Дом был большой, пятиэтажный, песочного цвета, довольно облезлый с тяжеленной дверью подъезда и широкой лестницей, по которой я ни разу не поднялся выше чем на несколько ступенек, ведущих к нашей квартире – куда подевалось мое детское любопытство?

Той, нашей Таганки, больше нет, поэтому стоит, наверное, хоть чуть-чуть рассказать, как что выглядело. На противоположной стороне улицы стояли двух-трехэтажные дома с внутренними двориками, деревянными лестницами и деревянными пристройками. В одном из таких домов, вниз по улице, размещалась пивная, около которой отирались всякие сомнительные личности.
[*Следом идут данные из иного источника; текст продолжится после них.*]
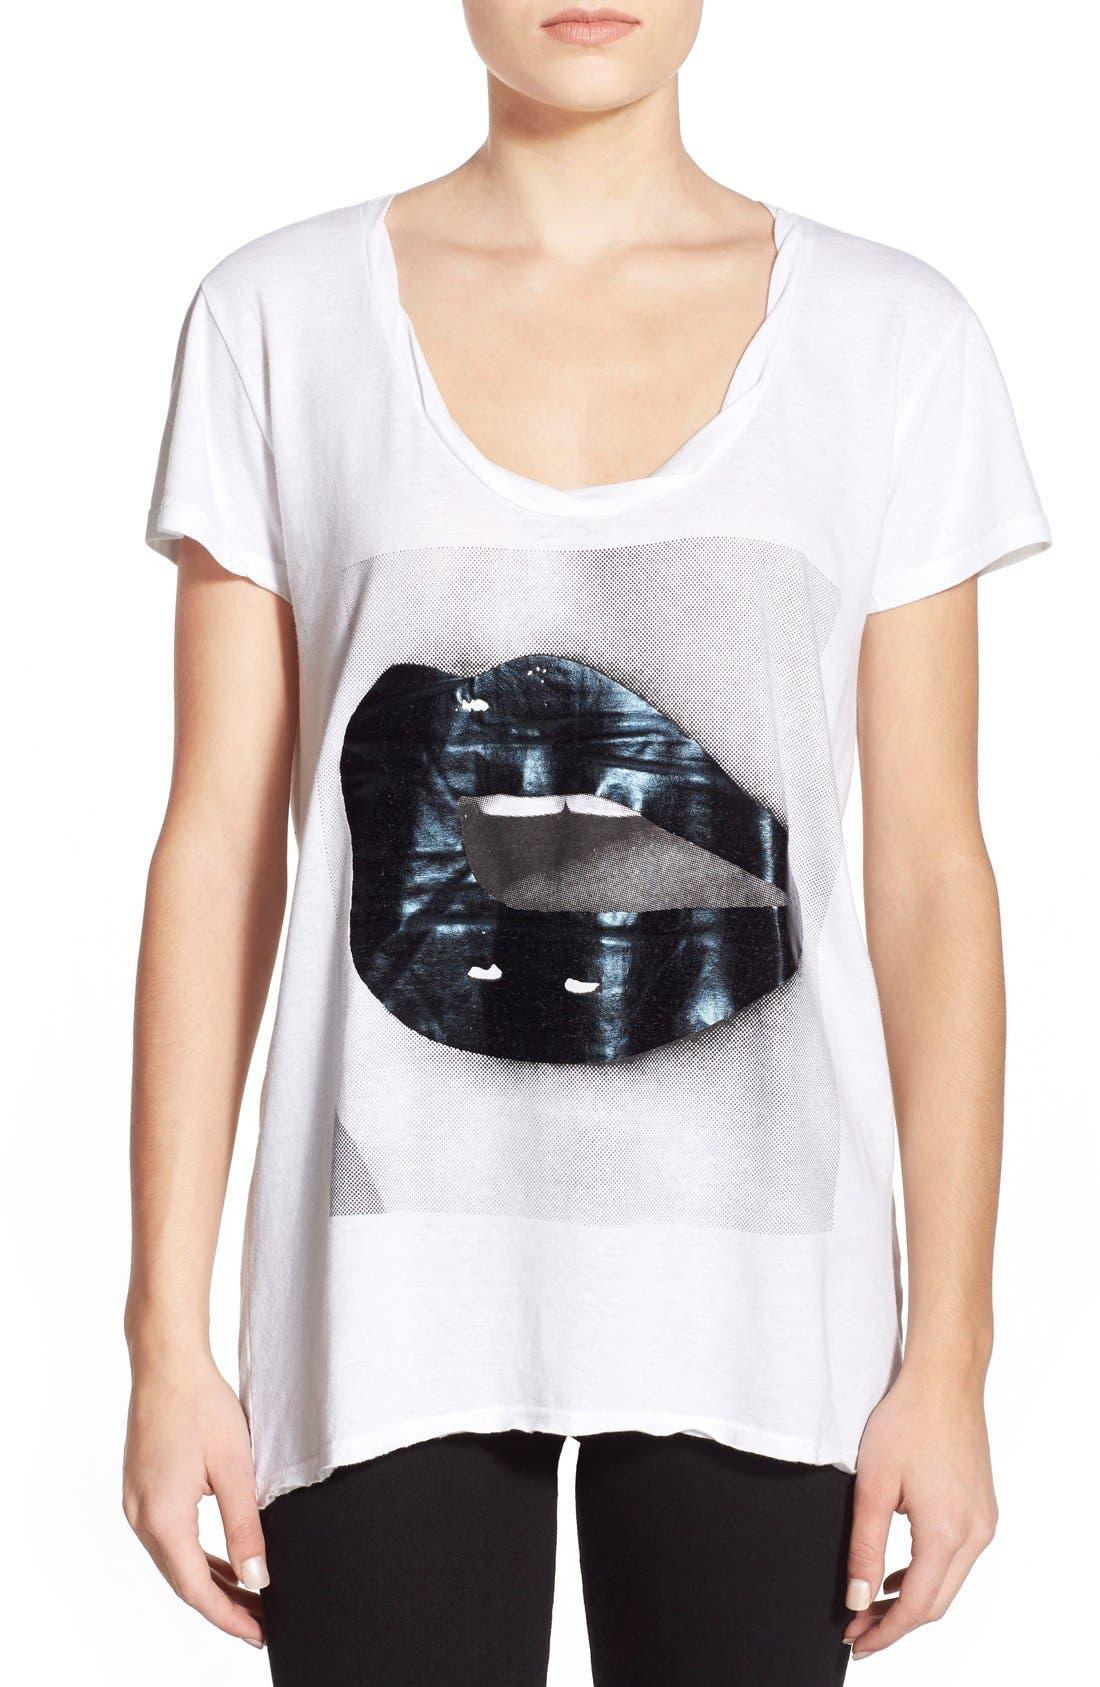 Alternate Image 1 Selected - Pam & Gela'Sophie' Graphic Tee

Главных мужских типа было два: бандит с большой дороги, часто со свирепой физиономией в шрамах, ничего общего не имеющий с сегодняшним одутловатым бомжем-выпивохой, и несколько осовеченный вариант Мармеладова. Пьяницы-женщины были похожи на средневековых сумасшедших. Самой заметной была Зина в зеленом пальто зимой и летом. Выпив, она делалась буйной. Ее все боялись – все, кроме бабы Нюры, которая не боялась никого и ничего.
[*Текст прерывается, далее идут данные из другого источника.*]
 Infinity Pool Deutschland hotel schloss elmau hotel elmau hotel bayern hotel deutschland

Неподалеку находился Тетеринский сквер, куда меня мой monsieur l'Abbé (все та же баба Нюра) «гулять водил». В сквере были лавочки, сцена-ракушка (не помню ни одного представления), баскетбольная площадка, дорожки и что-то вроде небольшого вытоптанного пустыря, на котором играли в футбол. Зимой заливали каток. Одну или даже две зимы я занимался там «фигурным катанием» (так это называлось), а на самом деле просто учился ездить на коньках – вперед, назад и заворачивать, занося ногу за ногу. В сквере часто можно было встретить благородного вида старичка фотографа. Он фотографировал детей, а напечатанные карточки продавал, а может быть, просто дарил родителям.

Как-то раз после очередного дня рождения я, чрезвычайно гордый своим новым возрастом, в новом демисезонном пальто отправился гулять. Холодно, но фотограф сидит на лавочке. Он умел сидеть на лавочке в любую погоду. Обменявшись несколькими словами с бабой Нюрой (неужели это она его подучила?), он поворачивается ко мне и задает единственно важный и уместный вопрос: сколько мне лет? До сих пор – сегодня мне немного стыдно за это – помню, как я торжествующе пискнул: «Шесть».

Тетеринский сквер был окружен высоким железным забором, который я тоже хорошо запомнил – может быть, потому, что приходилось долго шагать вдоль него к входным воротам. Лет до семи я почему-то играл в основном с девочками. Возвращаться домой всегда было радостнее, чем гулять. Там меня ждала бабушка. А вечером придут мама с папой.

Я уже упоминал о табличке «кому-сколько-звонить». Но иногда раздавался особенный звонок, не указанный в нашей местной азбуке Морзе: один бесконечный. И все понимали, что сейчас будет. В коридор, заранее растопырив руки, выбегала простоволосая Марья Михайловна. Трезвон не прекращался. Марья Михайловна отпирала – пьяный Андриан, вертикально спящий на той стороне двери, вместе с костылями (у него не было ноги) с грохотом валился на пол. Бормоча нехорошие слова, Марья Михайловна уволакивала мужа в комнату. Потом возвращалась за костылями.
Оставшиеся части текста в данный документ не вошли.